Question

Find the area of the region bounded by the ellipse $\frac{x^2}{16}+\frac{y^2}{9}=1$

Answer 1

The given equation of the ellipse, $\frac{x^2}{16}+\frac{y^2}{9}=1$ ,can be represented as

It can be observed that the ellipse is symmetrical about x-axis and y-axis.

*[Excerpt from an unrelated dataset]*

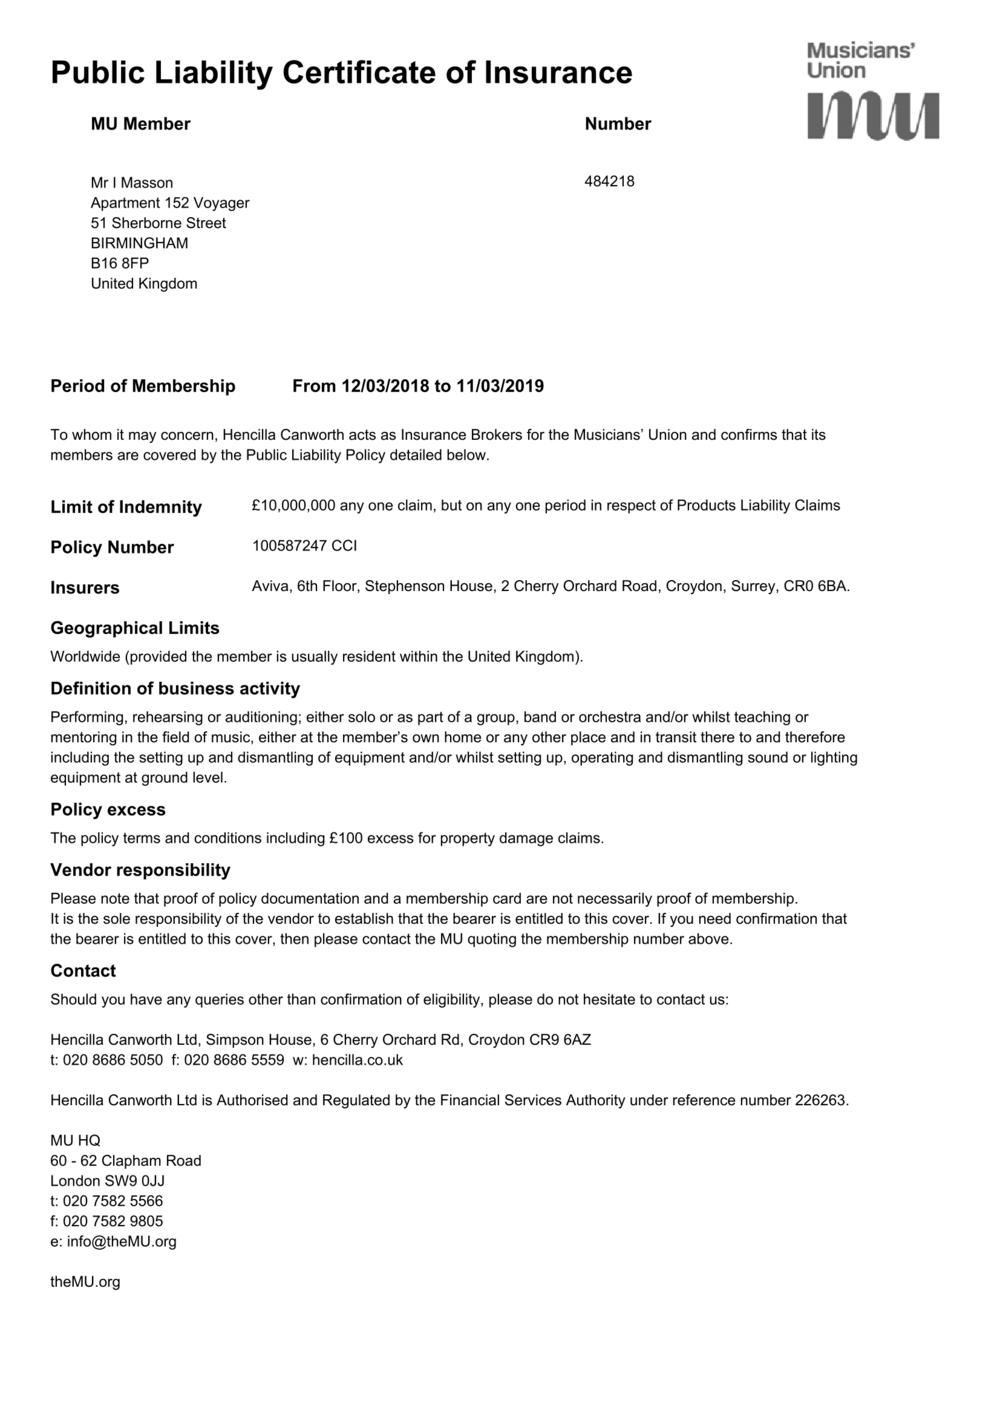 PLI Certificate_ Iain Masson.png

∴Area bounded by ellipse=4×Area of OAB

Area of OAB=$\int^4_0ydx$

=$\int^4_03\sqrt{1-\frac{x^2}{16}}dx$

=$\frac{3}{4}\int^4_0\sqrt{16-x^2}dx$

=$\frac{3}{4}\bigg[\frac{x}{2}\sqrt{16-x^2}+\frac{16}{2}\sin^{-1}\frac{x}{4}\bigg]^4_0$

=$\frac{3}{4}$[2$\sqrt{16-16}$+8sin-1(1)-0-8sin-1(0)]

=$\frac{3}{4}\bigg[\frac{8\pi}{2}\bigg]$

=$\frac{3}{4}[4\pi]$

=3$\pi$

Therefore, area bounded by the ellipse= 4×3$\pi$=12$\pi$ units.